Aussie Wine Doctors
Australian medicos have played an important role in the evolution of the country’s wine industry.
Australia is unique amongst wine producing countries in that 60% of the fruit from any vintage is
processed by wine companies established by Australia’s over 180 wine doctors. Australia’s three
largest wine companies, Lindemans, Penfolds and Hardys, for example, were all founded by doctors
as were other famous Australian labels such as Angoves, Stanley and Houghton.
Wine was used as a medicine during the 1700s on the voyages to Australia from Northern Europe to
prevent malnutrition and disease. The turning point in the medical treatment of convicts during transportation
came in 1814, with the voyage of the Surrey. The Surrey had on board 200 male convicts,
marine guards and crew. The convict’s cells below deck were poorly ventilated and not properly
cleaned or fumigated. Governor Macquarie ordered an inquiry into the high death toll during the voyage
of the Surrey. He appointed Dr. William Redfern, Sydney’s leading doctor, to investigate. Redfern
later established a vineyard at Campbellfields, in the southwest area of Sydney in 1818, becoming
Australia’s first wine doctor. Redfern was also an ex-convict. His investigations and recommendations
were to have a significant impact on the Australian wine industry. He found that the captain had withheld
rations from the convicts, including their wine rations. As a result, the convicts became weak and
susceptible to disease. Redfern’s recommendations included a quarter pint of wine, with added lime
juice, to be given to each convict every day to prevent malnutrition and scurvy. He also recommended
that each transport ship have a qualified doctor on board. As a result, Australia found itself
host to many naval surgeons doing convict transport. These doctors knew the health benefits of wine.

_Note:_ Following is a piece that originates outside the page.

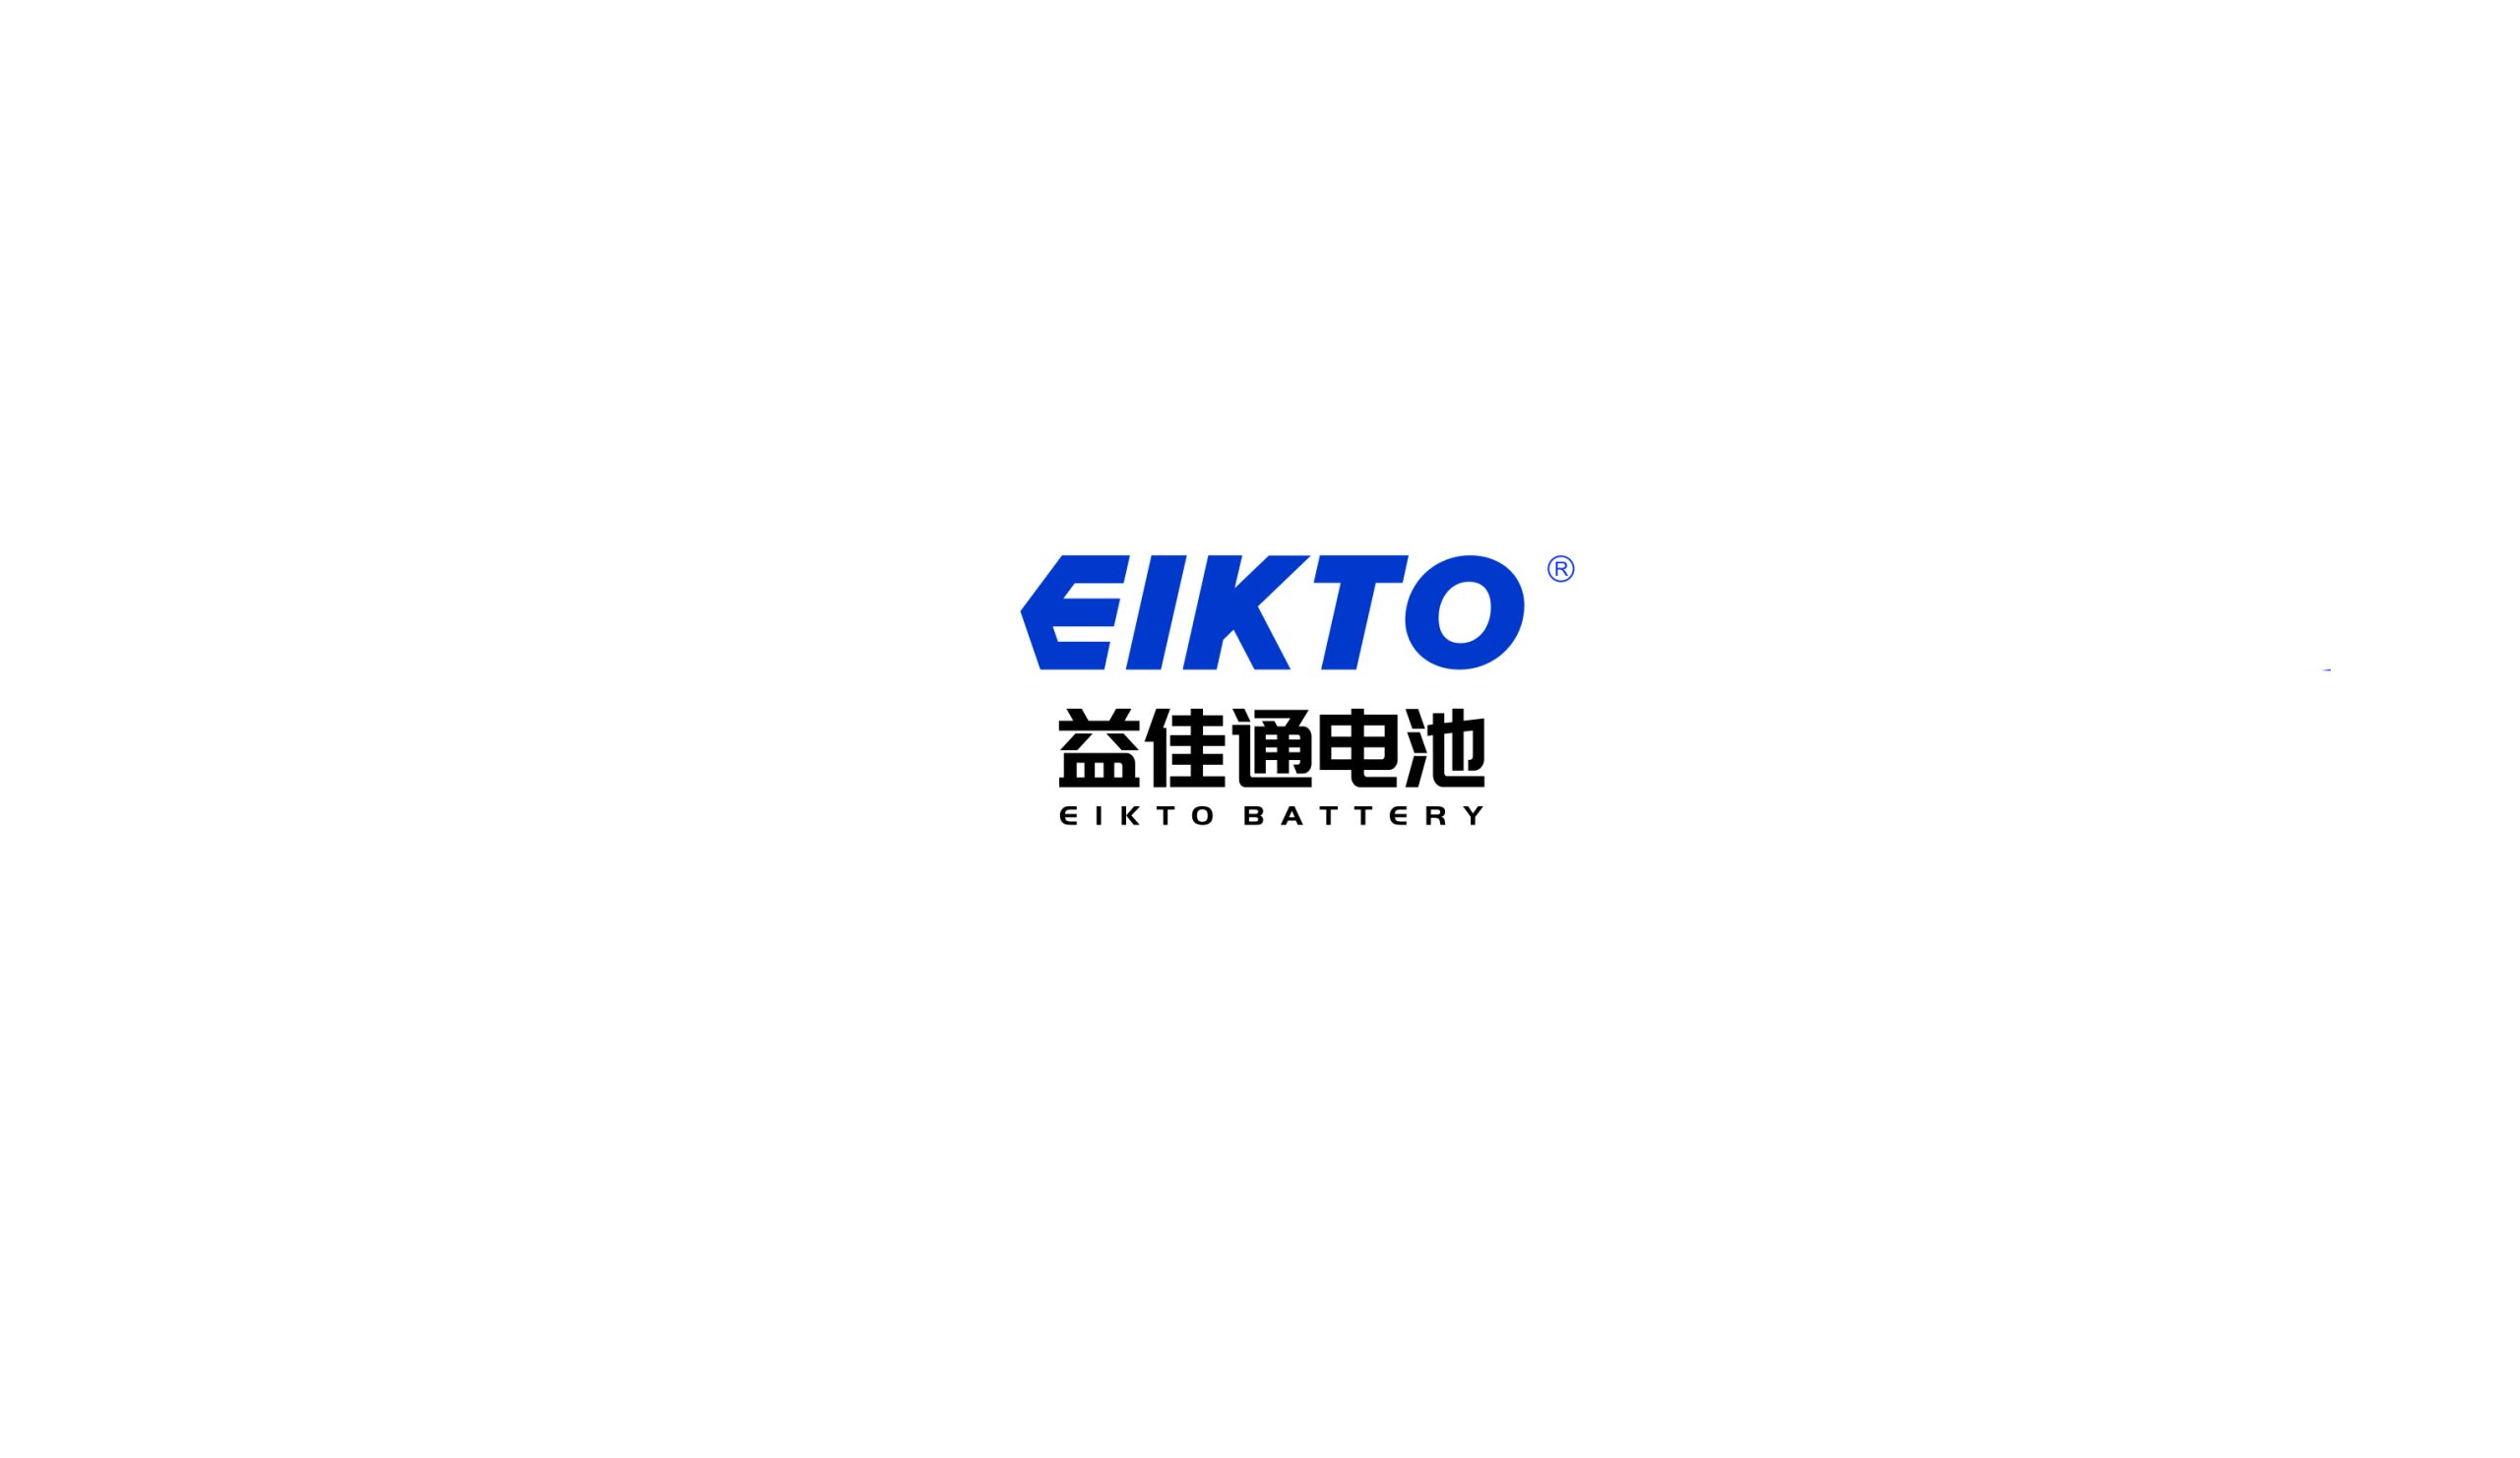 Anhui EIKTO Battery Co., Ltd

Only the poorer quality wines were ever shipped to Australia. The better European wines were kept
back by English wine merchants. After spending six months in a leaking oak cask in the bilge of a
transport ship, the wine was frequently oxidized and contaminated with sea water. This led many
doctors that had retired to Australia to establish vineyards of their own to avoid the problems associated
with transporting wine to Australia and to provide wine as a medicine for their patients.

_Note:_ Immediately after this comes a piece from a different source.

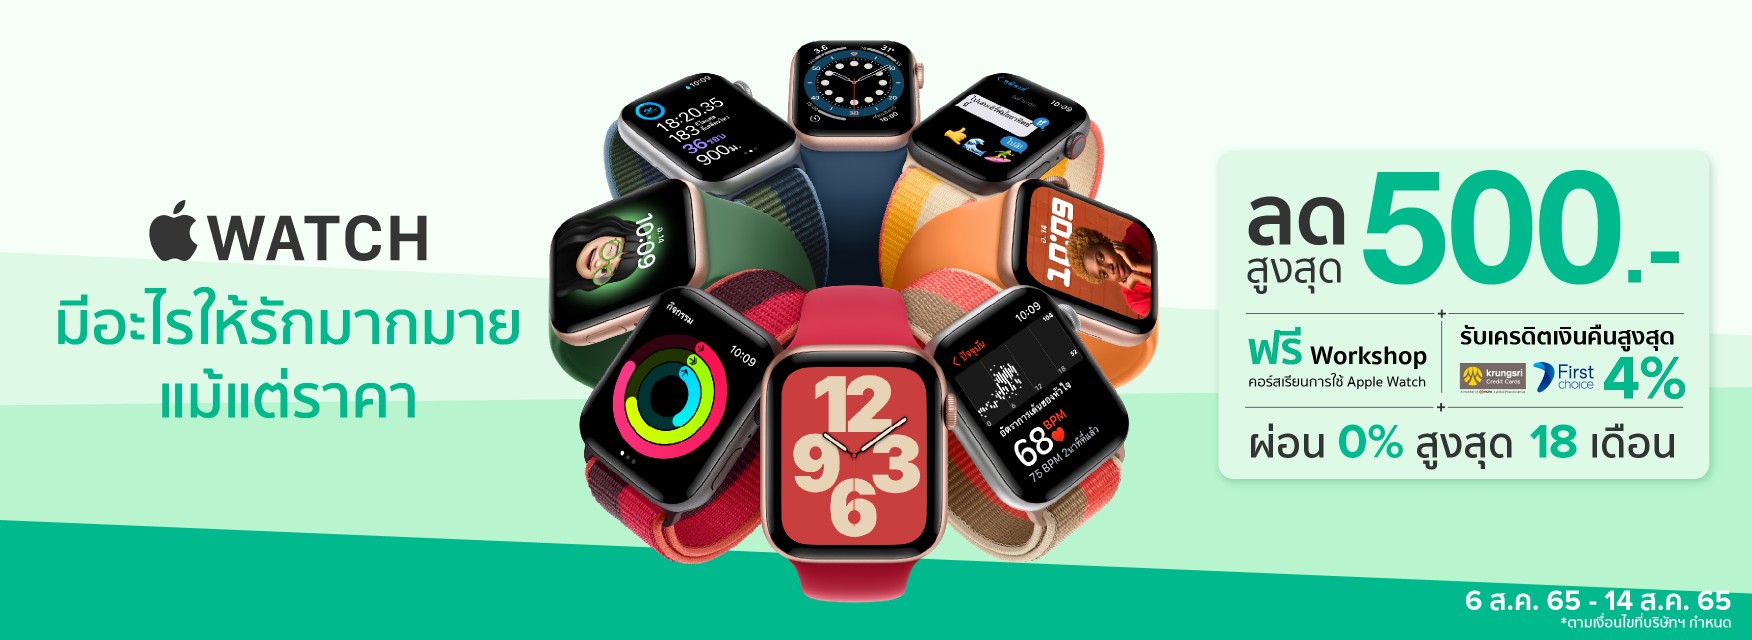 Apple Watch เวลานี้ ราคาดีที่สุด

The Australian medical profession’s symbol should not be the traditional snake caduceus, but a glass
of wine and a convict’s leg iron, for Australia’s medical profession began with convict transport
doctors attempting to maintain their convict patients’ health with wine.
A number of prominent Australian doctors have carried on the tradition in
the modern era. Dr. Max Lake, a hand surgeon based in Sydney, established
Australia’s first boutique winery in 1963 in the Hunter Valley of
New South Wales. He subsequently published several wine titles including
Classic Wines of Australia (1966) and Wine & Scalpel (1967). Dr. Tom
Cullity founded Vasse Felix in 1967, the first commercial vineyard at
Margaret River. Dr. Phillip Norrie, aka “The Wine Doctor” (photo right),
is a general practitioner, vineyard owner (Pendares Estate in the lower
Hunter Valley), author of eight books on wine and health, and a wine and
health historian (
www.winedoctor.info). He is known for numerous
memorable quotations about wine and health including, “Wine is the
thinking persons health drink.” In 2006, he produced the first R.E.W.
(resveratrol enhanced wine), using a process he developed to increase
the antioxidants in white wine by 600% and red wine by 40%.